# [Lesertest] Alpenföhn Black Ridge - ITX wird Cool



## Jarafi (17. November 2018)

*[Lesertest] Alpenföhn Black Ridge - ITX wird Cool*

*Infos zum Test*

Manchmal sin des die kleinen Ding im Leben, die einem eine große Freude bereiten.  Der auf den Namen Black Ridge getaufte Kühler aus dem Hause Alpenföhn passt genau zu dieser Redewendung. Entstanden ist der Kühler in Zusammenarbeit mit Dan Cases.

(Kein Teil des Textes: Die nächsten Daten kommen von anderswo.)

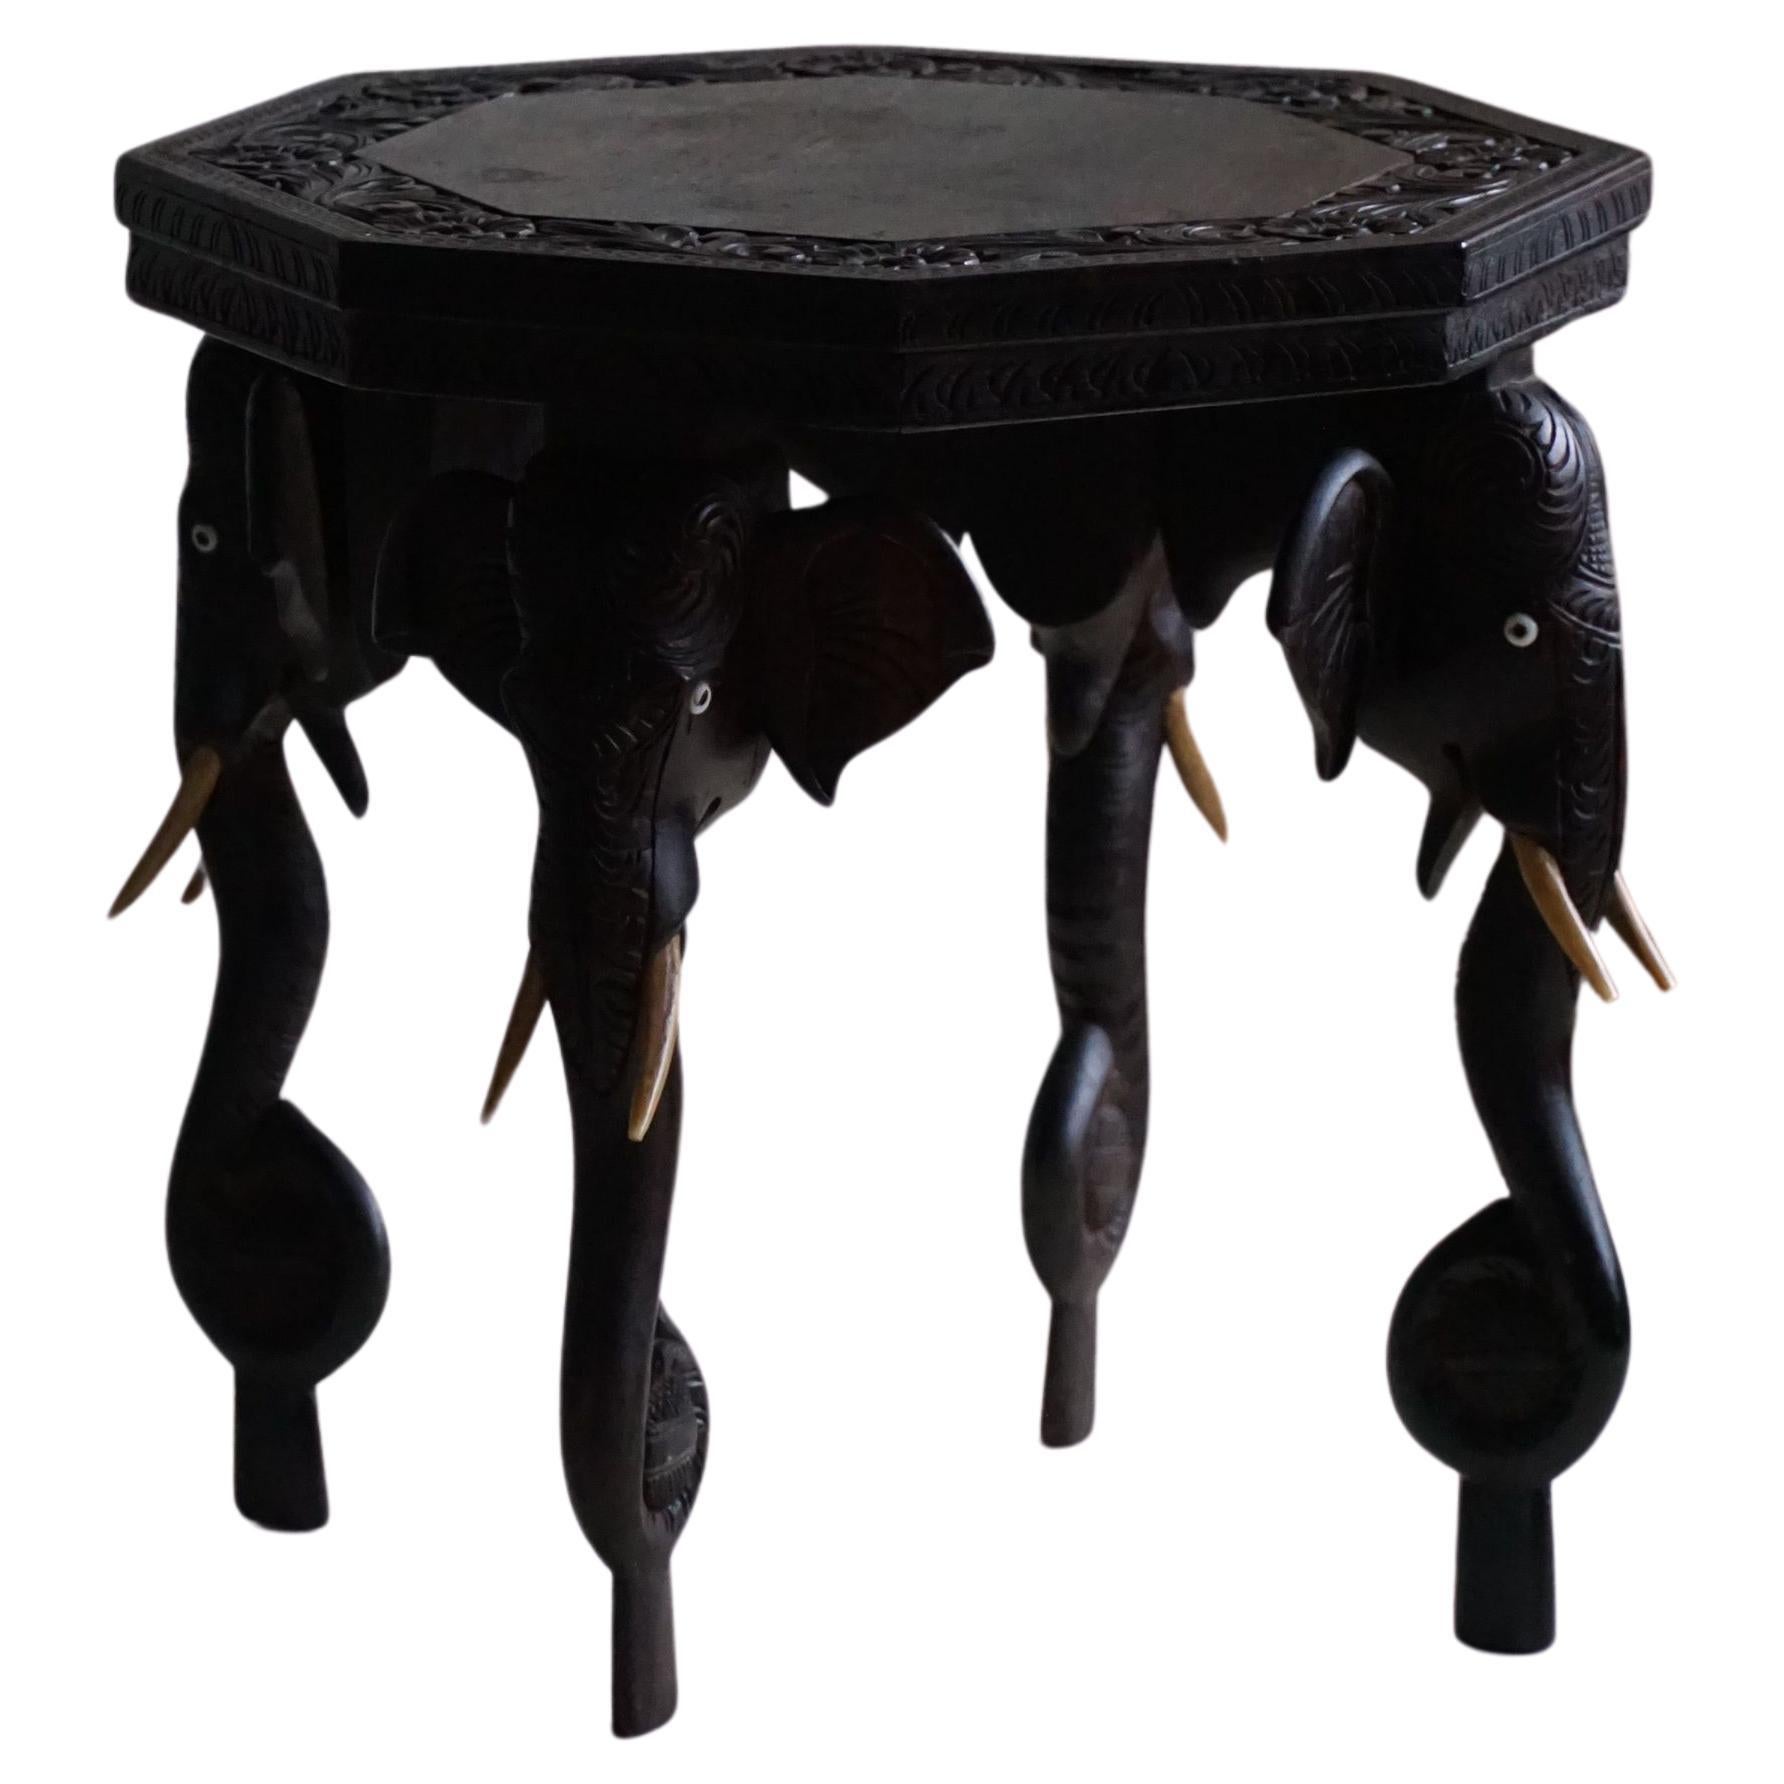 Hardwood Side Table with 4 Elephant Head Legs, Anglo Indian, 1920s For Sale

			Dieser Inhalt steht nur eingeloggten Mitgliedern zur Verfügung.
        



Kurz zu Geografie, der Black Ridge ist ein Gebirgszug am Südpol mit bis zu 1500 Metern über dem Meer. Der Kühler ist dazu passend schwarz beschichtet, kann Arbeitsspeicher mit einer Höhe von 33 mm aufnehmen und bietet trotz der Bestückung mit einem 92-mm-Lüfter nur eine Gesamthöhe von 47 mm.
Für 45 Euro gibt’s den Kühler bei uns, klären wir, was er so drauf hat.
*
Lieferumfang*

Neben dem Kühler mit installiertem 92-mm-Lüfter gibt es dann jeweils zwei Montagebügel für Intel sowie AMD. Es werden dabei die Sockel Intel LGA115x sowie AM3/AM4/FM1/FM2 unterstützt. Eine Tube Wärmeleitpaste und zwei Pärchen Lüfterklammern runden das Paket ab. So kann je nach Wunsch ein weiterer Lüfter im 120-mm-Format installiert werden.




			Dieser Inhalt steht nur eingeloggten Mitgliedern zur Verfügung.
        



•    AMD AM4/AM3/FM2/FM1 socket
•    INTEL LGA115x socket 
•    Abmessungen 140 x 120 x 47mm 
•    Verlustleistung 95W TDP
•    Gewicht 407 g

 
*Der Black Ridge
*
Wie ersichtlich bietet der Kühler dann eine komplett schwarze Oberfläche. Die Bodenplatte blieb von der Beschichtung ausgespart und ist aus massivem Kupfer gefertigt. Sechs 6-mm-Kupferheatpipes sorgen für den Wärmeabtransport.
Mit einem Gewicht von 407 g kommt der Black Ridge für einen kleinen TopFlow-Kühler relativ schwer daher.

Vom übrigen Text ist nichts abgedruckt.